DNNActivationMode represents activation function types

const (
	DNNActivationSigmoid DNNActivationMode = iota
	DNNActivationRelu
	DNNActivationTanh
	DNNActivationClippedRelu
	DNNActivationElu
	DNNActivationIdentity
	DNNActivationSwish
)

type DNNBatchNormMode

type DNNBatchNormMode int

DNNBatchNormMode represents batch normalization modes

const (
	DNNBatchNormPerActivation DNNBatchNormMode = iota
	DNNBatchNormSpatial
)

type DNNConvolutionMode

type DNNConvolutionMode int

DNNConvolutionMode represents convolution modes

const (
	DNNConvolution DNNConvolutionMode = iota
	DNNCrossCorrelation
)

type DNNDataType

type DNNDataType int

DNNDataType represents cuDNN data types

const (
	DNNDataFloat DNNDataType = iota
	DNNDataDouble
	DNNDataHalf
	DNNDataInt8
	DNNDataInt32
	DNNDataInt8x4
	DNNDataUint8
	DNNDataUint8x4
	DNNDataInt8x32
	DNNDataBFloat16
	DNNDataInt64
)

type DNNHandle

type DNNHandle struct {
	// contains filtered or unexported fields
}

DNNHandle represents a cuDNN library handle

func CreateDNNHandle

func CreateDNNHandle() (*DNNHandle, error)

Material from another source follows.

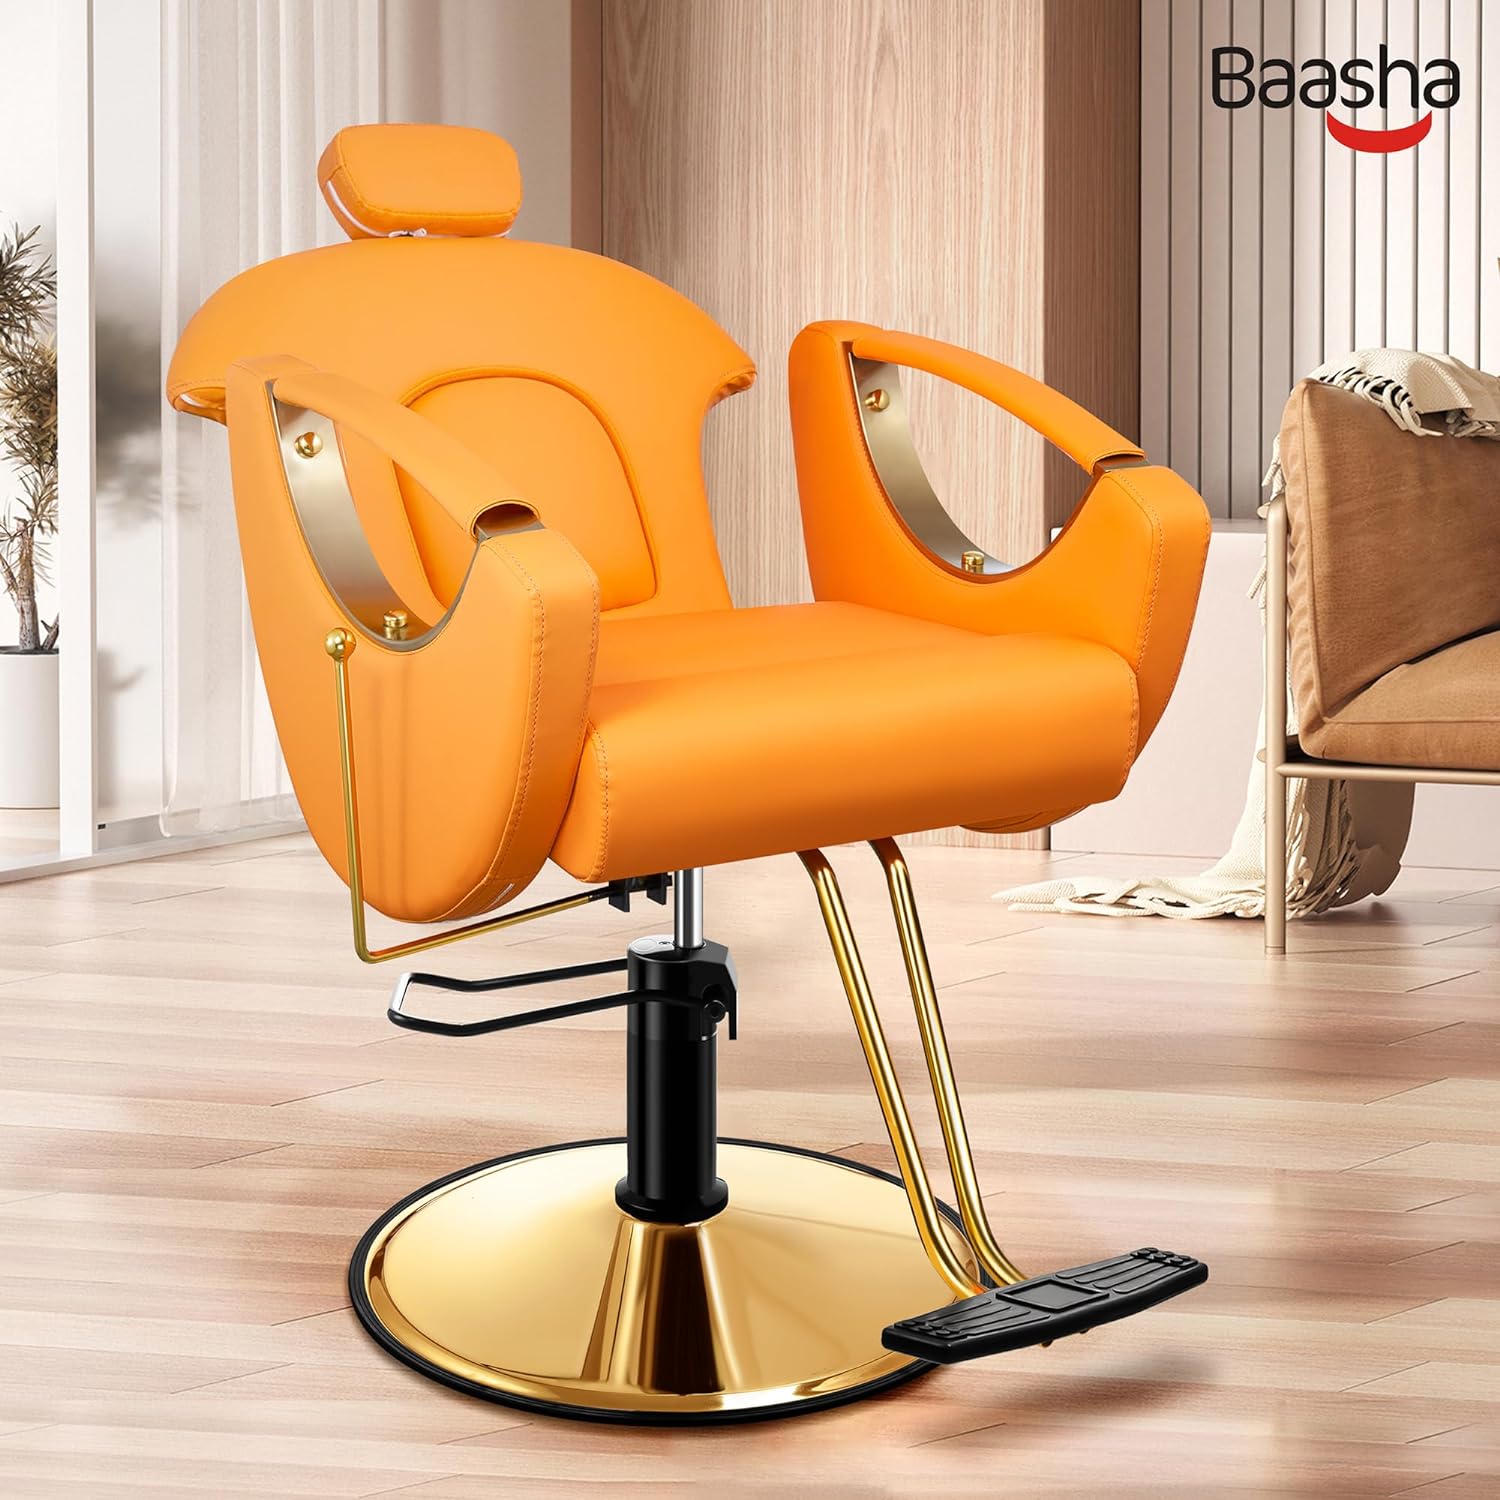 Silla de peluquería reclinable, silla de salón dorada multiusos

CreateDNNHandle creates a cuDNN library handle

func (*DNNHandle) ActivationForward

func (h *DNNHandle) ActivationForward(activationDesc *ActivationDescriptor, alpha float32, inputDesc *TensorDescriptor, inputData *memory.Memory,
	beta float32, outputDesc *TensorDescriptor, outputData *memory.Memory) error

ActivationForward performs forward activation

func (*DNNHandle) BatchNormalizationForwardInference

func (h *DNNHandle) BatchNormalizationForwardInference(mode DNNBatchNormMode, alpha, beta float32,
	inputDesc *TensorDescriptor, input *memory.Memory, outputDesc *TensorDescriptor, output *memory.Memory,
	bnScaleBiasDesc *TensorDescriptor, bnScale, bnBias, estimatedMean, estimatedVariance *memory.Memory, epsilon float64) error

BatchNormalizationForwardInference performs batch normalization inference

func (*DNNHandle) ConvolutionForward

func (h *DNNHandle) ConvolutionForward(alpha float32, inputDesc *TensorDescriptor, inputData *memory.Memory,
	filterDesc *FilterDescriptor, filterData *memory.Memory, convDesc *ConvolutionDescriptor,
	beta float32, outputDesc *TensorDescriptor, outputData *memory.Memory) error

ConvolutionForward performs forward convolution

func (*DNNHandle) DestroyHandle

func (h *DNNHandle) DestroyHandle() error

DestroyHandle destroys the cuDNN handle

func (*DNNHandle) PoolingForward

func (h *DNNHandle) PoolingForward(poolingDesc *PoolingDescriptor, alpha float32, inputDesc *TensorDescriptor, inputData *memory.Memory,
	beta float32, outputDesc *TensorDescriptor, outputData *memory.Memory) error

PoolingForward performs forward pooling

type DNNNanPropagation

type DNNNanPropagation int

DNNNanPropagation represents NaN propagation modes

const (
	DNNNotPropagateNaN DNNNanPropagation = iota
	DNNPropagateNaN
)

type DNNPoolingMode

type DNNPoolingMode int

DNNPoolingMode represents pooling modes

const (
	DNNPoolingMax DNNPoolingMode = iota
	DNNPoolingAverageCountIncludePadding
	DNNPoolingAverageCountExcludePadding
	DNNPoolingMaxDeterministic
)

type DNNTensorFormat

type DNNTensorFormat int

DNNTensorFormat represents tensor memory layouts

const (
	DNNTensorNHWC      DNNTensorFormat = iota // batch, height, width, channels
	DNNTensorNCHW                             // batch, channels, height, width
	DNNTensorNCHWVectC                        // vectorized channels
	DNNTensorNHWCVectC                        // vectorized channels
)

type DSSConfig

type DSSConfig struct {
	MatrixFormat   DSSMatrixFormat
	Factorization  DSSFactorization
	Ordering       DSSOrdering
	Refinement     DSSRefinement
	PivotType      DSSPivotType
	PivotThreshold float64
	Symmetry       bool
	Deterministic  bool
	UseGPU         bool
}

DSS configuration structure

type DSSFactorization

type DSSFactorization int

DSS factorization algorithms

const (
	DSSFactorizationLU DSSFactorization = iota
	DSSFactorizationLDLT
	DSSFactorizationCholesky
	DSSFactorizationQR
)

type DSSHandle

type DSSHandle struct {
	// contains filtered or unexported fields
}

DSS solver handle

func CreateDSSHandle

func CreateDSSHandle(config DSSConfig) (*DSSHandle, error)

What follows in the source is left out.